While I express my opinions from the perspective of an Orthodox Jew and a staunch defender of the traditional family, in talking about gays and lesbians some of my words were poorly chosen. Many people perceive them as hate speech. This fact has been personally and professionally devastating to me as well as to many others . . . On the Day of Atonement, Jews are commanded to seek forgiveness from people we have hurt . . . I deeply regret the hurt this situation has caused the gay and lesbian community.

But Schlessinger still stresses the Torah forbids homosexuality. “The Jewish line is that homosexuality is an unacceptable behavior; not that a homosexual is an unacceptable person. In Leviticus, there's a long list of things you're not supposed to do. Basically it asks you to be the master over your impulses. And God said certain behaviors are unacceptable. Period. That's the position. It's as simple as that. So I did not apologize for the content because that's like saying, ‘God's wrong'; I can't do that. But what I did say was distorted for political reasons, and the distortion hurt many people—devastated many people. That has been probably the biggest pain: That the homosexual activist groups were willing to lie about what I said . . . But if people are hurt by what comes of what I do, I am sorry.”

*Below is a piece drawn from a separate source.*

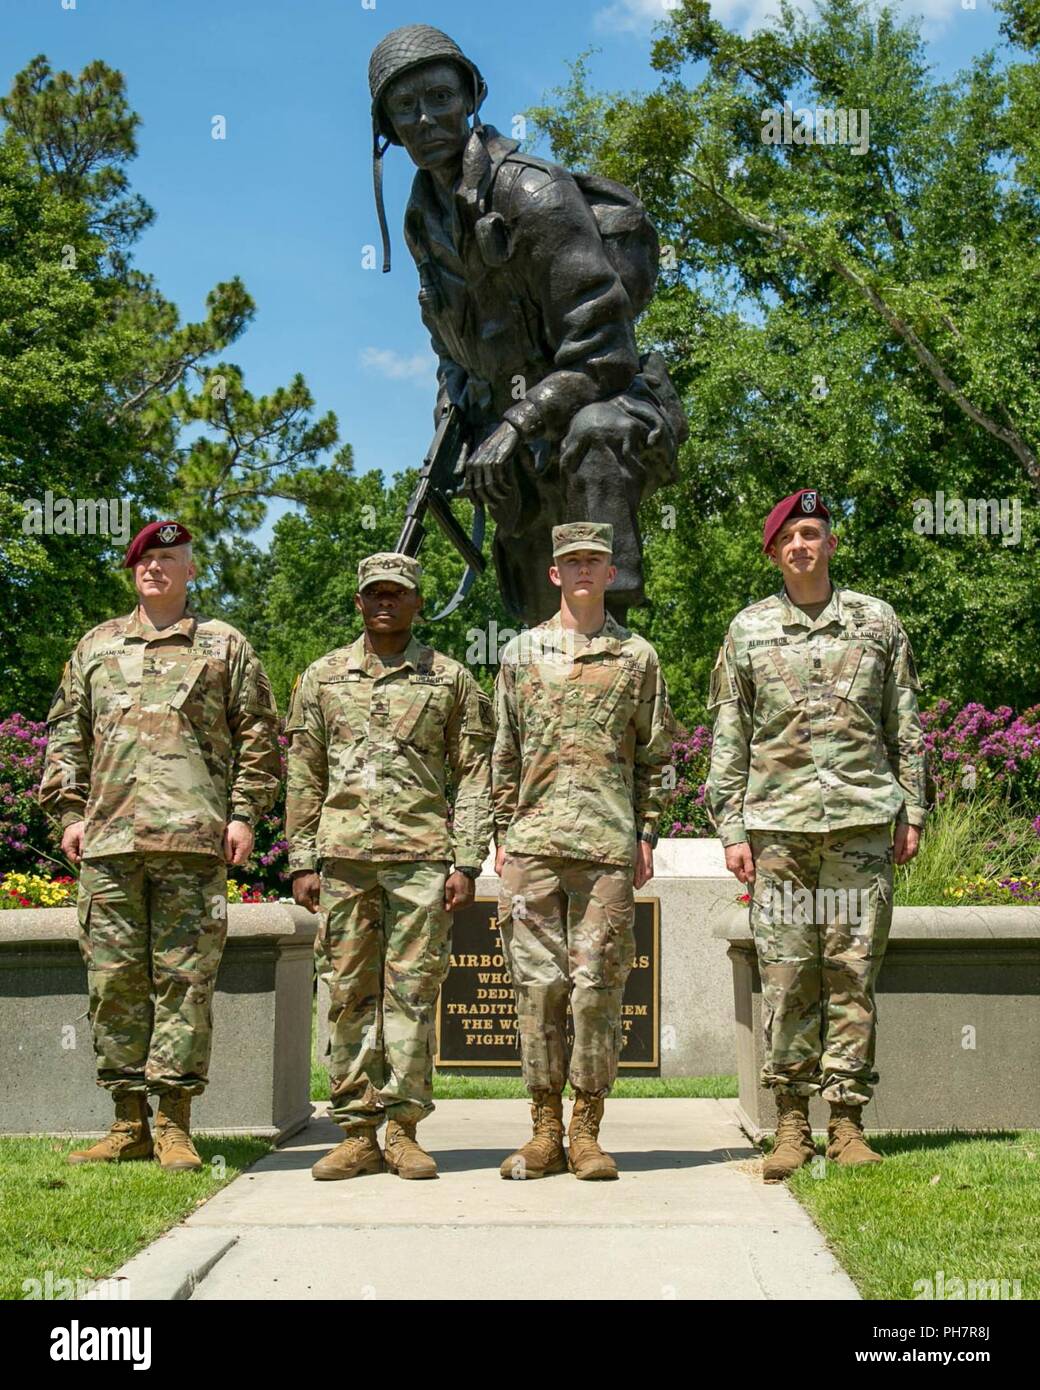 From left to right Lt. Gen. Paul J. LaCamera, Staff Sgt. Ifegwu Ifegwu, Pfc. Cadem J. Emmons, Command Sgt. Maj. Charles W. Albertson pose for a photo after Best Warrior Competition awards ceremony at Fort Bragg, North Carolina, June 29, 2018. The Best Warrior Competition is a weeklong event pushing participants to their physical and mental limits. Stock Photo

After a deep breath, she adds one personal note: “You need to know that my closest male friend is homosexual—but he doesn't have homosexual relationships. Four out of my five dearest girlfriends are all lesbians.”

So how does she advise a caller who has a gay son or daughter? “You tell them that the behaviors are unacceptable but you love them to pieces and they should come to dinner Sunday and don't bring their laundry. I've never said other than that.”

I mention the fact that her critics have often suggested she's trying to couch far-right ideas in the cloak of a religious Jewish persona. “It's Jewish
law
,” she exclaims. “I have not—and I want this quoted—I have not said anything that the pope hasn't said. But I haven't seen a
stopthepope.com! Christianity, Judaism, Islam—all have the same rules about certain behaviors. And they're supposed to be God-given. They're not mine—I didn't make them up; I would
not
have left out bacon.” She laughs. “If you left it to me, we'd be eating cheeseburgers.”

She's kept kosher since her conversion, though occasionally she asks to smell a friend's food. “I went out to dinner last night, everybody else is Christian, we're at a nice pizza place, and I had to make my own stuff. And somebody ordered prosciutto on her pizza and I said, ‘Can I smell it?'” She inhales deeply, demonstrating.